Comics creators, especially at the big companies, are believers in “reduce, reuse, recycle.” And that's good news for the characters they create! If they have any claim to fame as part of the companies’ history, then even if they die—or, worse, fail to sell comics—there’s always a decent chance someone will bring them back someday.
Except, it seems, if they’re Henri Duval.
Henri Duval is a hot-blooded Frenchman who ends up saving the king's life, which would need a lot of saving in Duval’s few pages of existence. Duval’s happy to do it, though: he’s a devoted royalist and smitten with Cecile, the king’s young female companion.
(Is she the king’s daughter? Attendant? Queen? Mistress? Unknown—there’s no historical Cecile associated with the French royal family. The authors probably meant her to be his daughter or attendant, though, since that’d give Henri a clearer shot at winning her heart.)
Duval fights to protect the king against phony musketeers. (We don’t know which king this is either, but the musketeer detail suggests Louis XIII.)
Apologies for the condition of the scans below; they’re the best available—and I wouldn’t want to hold out on you.
The faux musketeers catch and imprison Duval, though the king and Cecile escape...
...and that's the last installment of his story, which only went on for five installments, totaling six pages in length. One imagines he died in prison.
His last words? “But I don't understand.”
You've probably never heard of Monsieur Duval, but he has one of the best pedigrees a comics character could get.
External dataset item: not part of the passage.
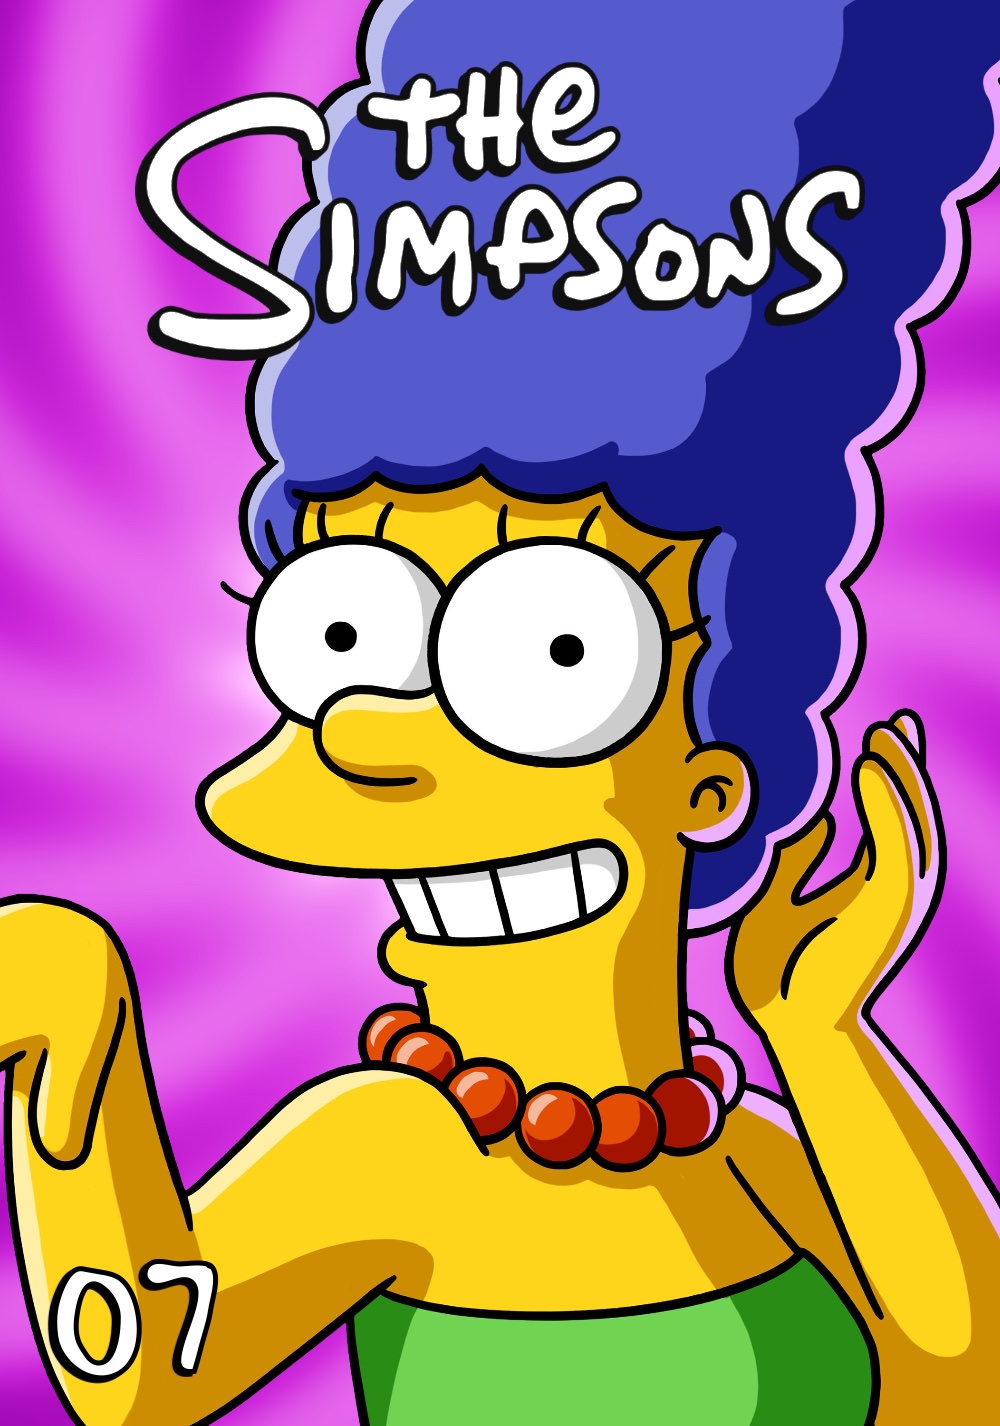 The Simpsons *Ultimate Collection* S07 (1995) BDRip 1080p HEVC 10-bit EAC3-5.1 MultiSub Retail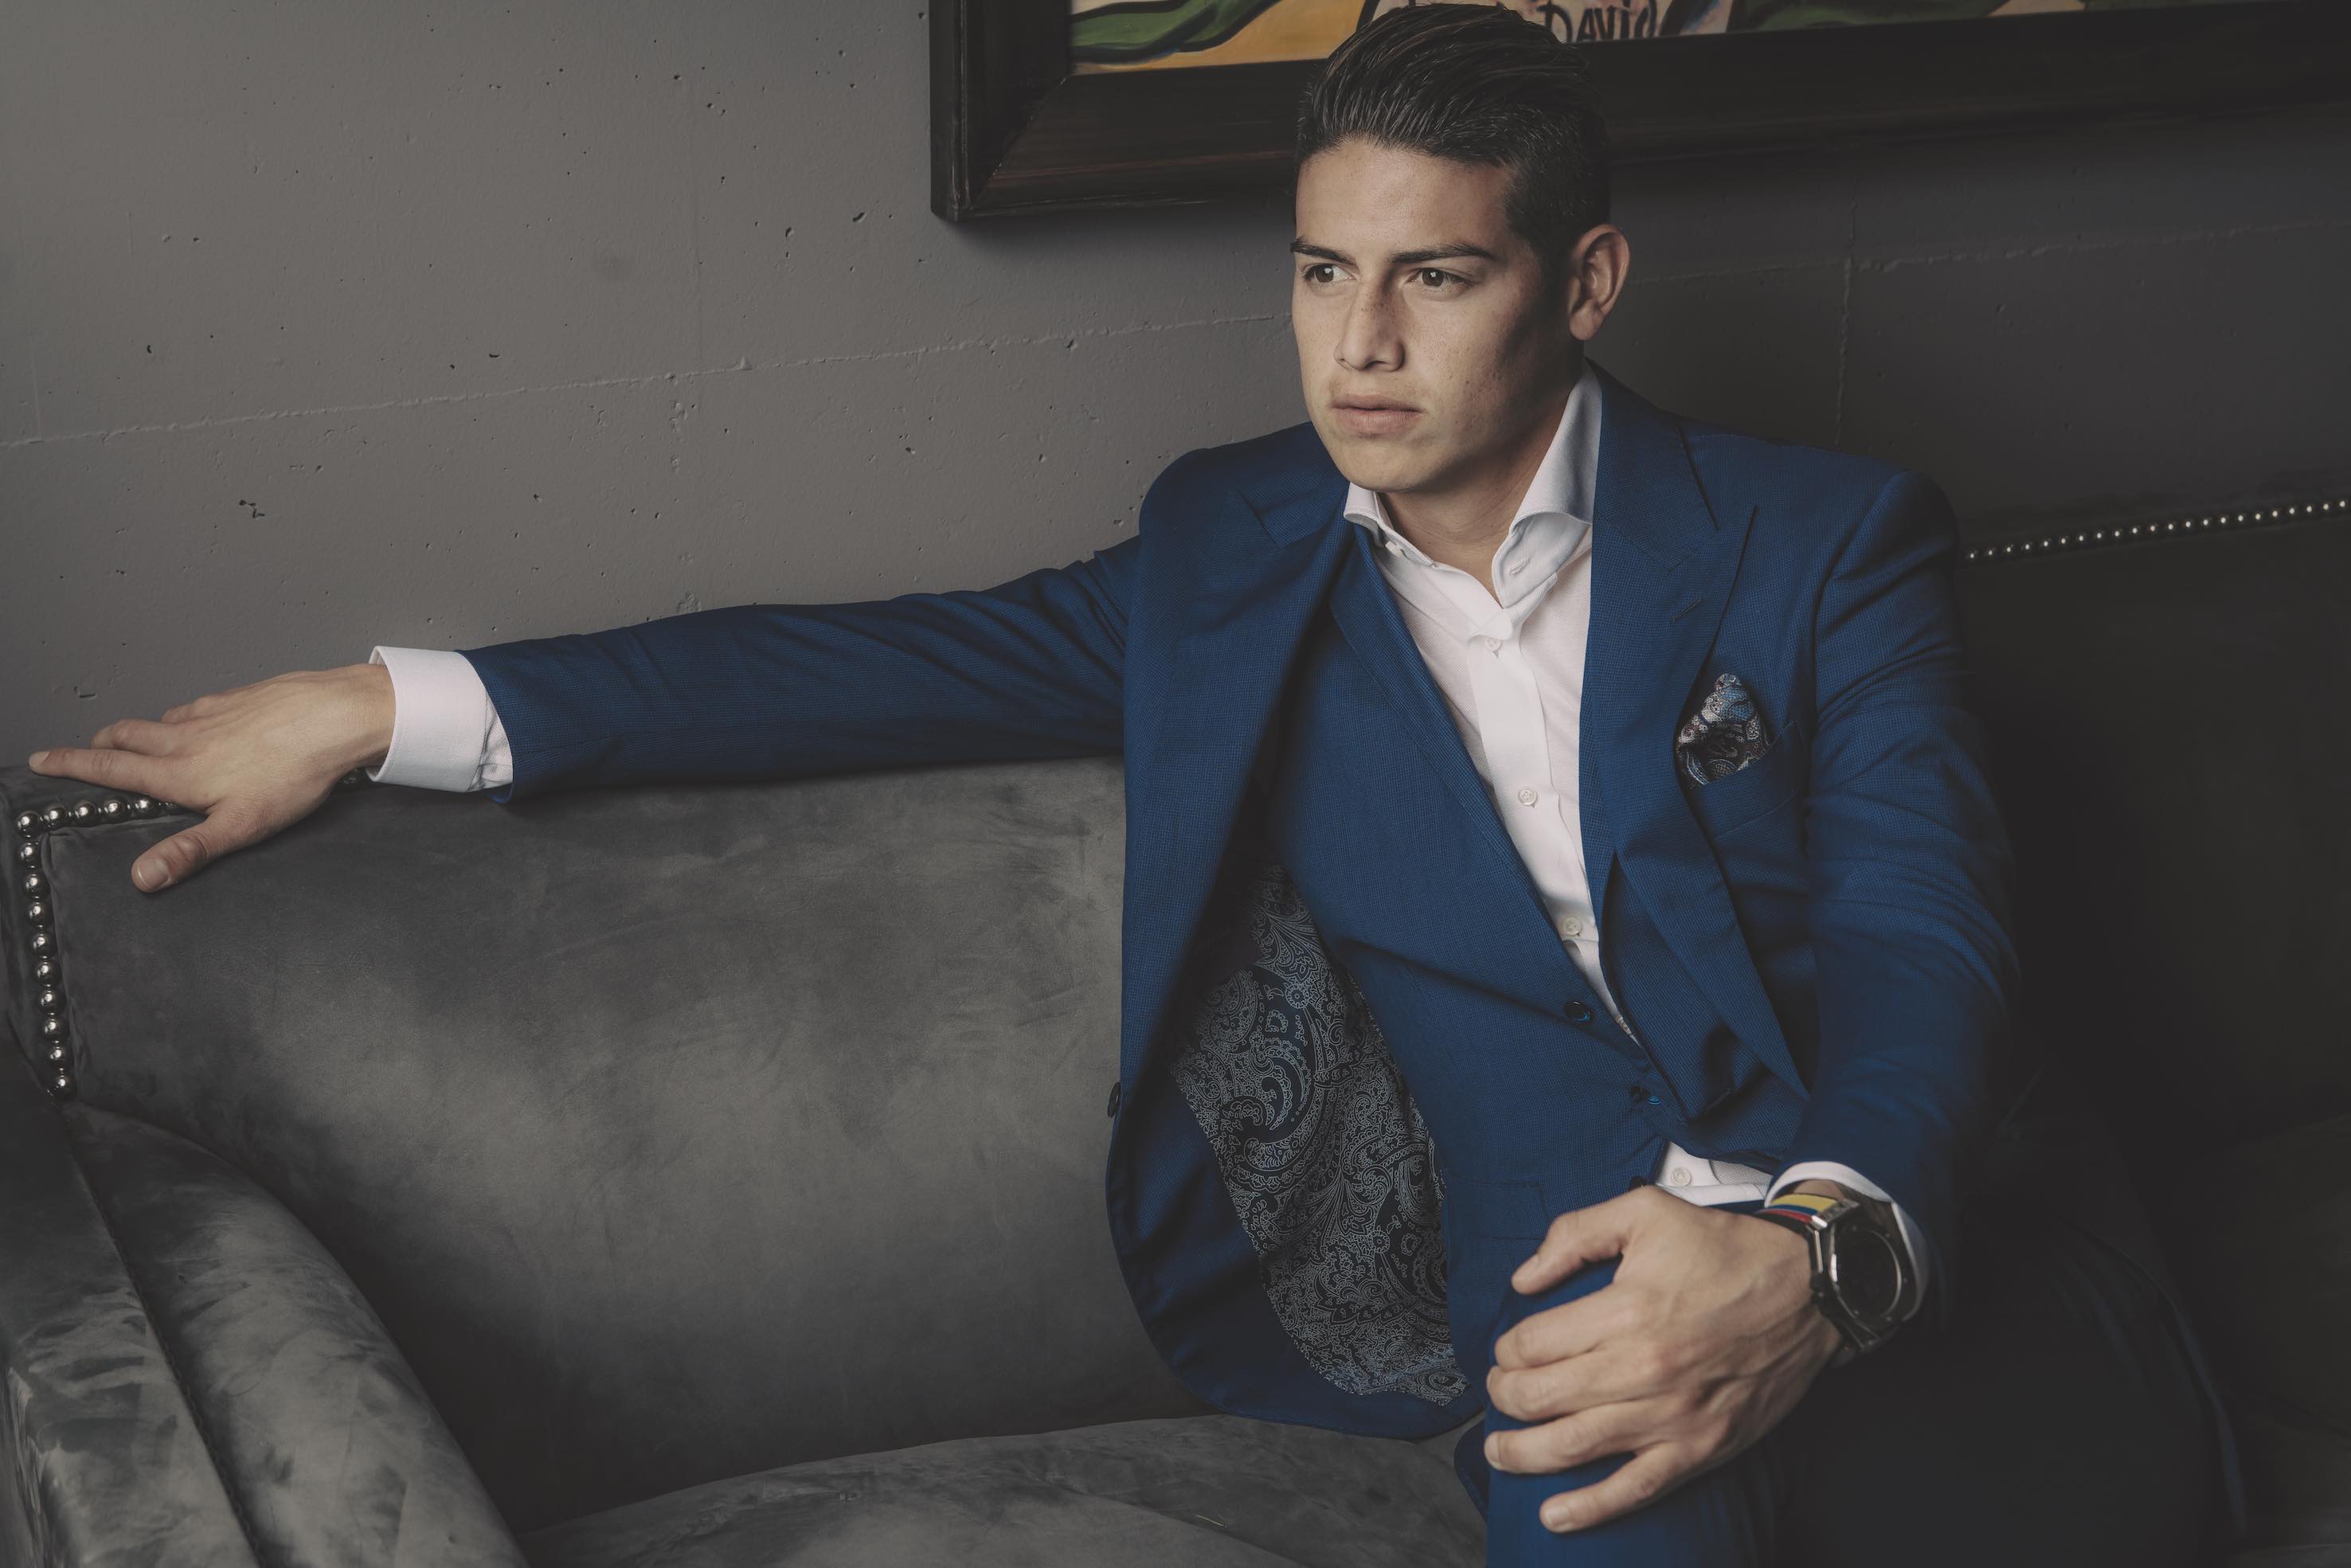 One-On-One With Colombian Soccer Star & Hublot’s Latest Friend Of The Brand, James Rodríguez

Jerry Siegel and Joe Shuster, the creators of Superman, created Henri first. In fact, he was their first published comic-book character—or tied for first, depending on how you count.
New Fun #6, published in 1935, included two features by Siegel and Shuster: Henri Duval and Doctor Occult, the Ghost Detective. The latter series, about a mortal paranormal investigator who used magical tools now and then, went on much longer than Duval's did. And Doctor Occult still shows up in DC Comics today.
But the Duval feature did come first in the issue, so Duval was older than his twin, even if only by a few minutes.
Siegel and Shuster used a few pen names in their early careers, as did many comics pros back then. But in their case, the record is clear. They’d go on to create other stories about heroic feds and cops (likewise forgotten, but not as firsty) before their dream project, Superman, finally sold and started to eat up all their time.
There was another wrinkle to Duval’s story, though it may feel like adding insult to injury. Another character named “Henri Duval” appeared in Doctor Occult, an artist who commits murders by painting his victims’ deaths. This second Duval died after one four-page installment, but his appearance shows that his creators had given up on Henri Duval and were stripping it for parts. “May as well use the name! Not like we’re gonna do anything else with it”:
Nobody argues Henri Duval was Siegel and Shuster's most compelling work. It reads like a riff on The Three Musketeers that didn’t involve much research into how royalist France looked or operated. Still, you can see the creators’ gift for adventure yarns come through on the pages, even though the condition of some scans is poor.
And Duval has the honor of introducing Siegel and Shuster to the comics-buying public. For that, the comics world, and Superman in particular, owe him a debt of gratitude.
It'd be nice for Superman to one day address the plight of his creative cousin, either by pulling off some kind of time-travel rescue...or else by just laying his ghost to rest.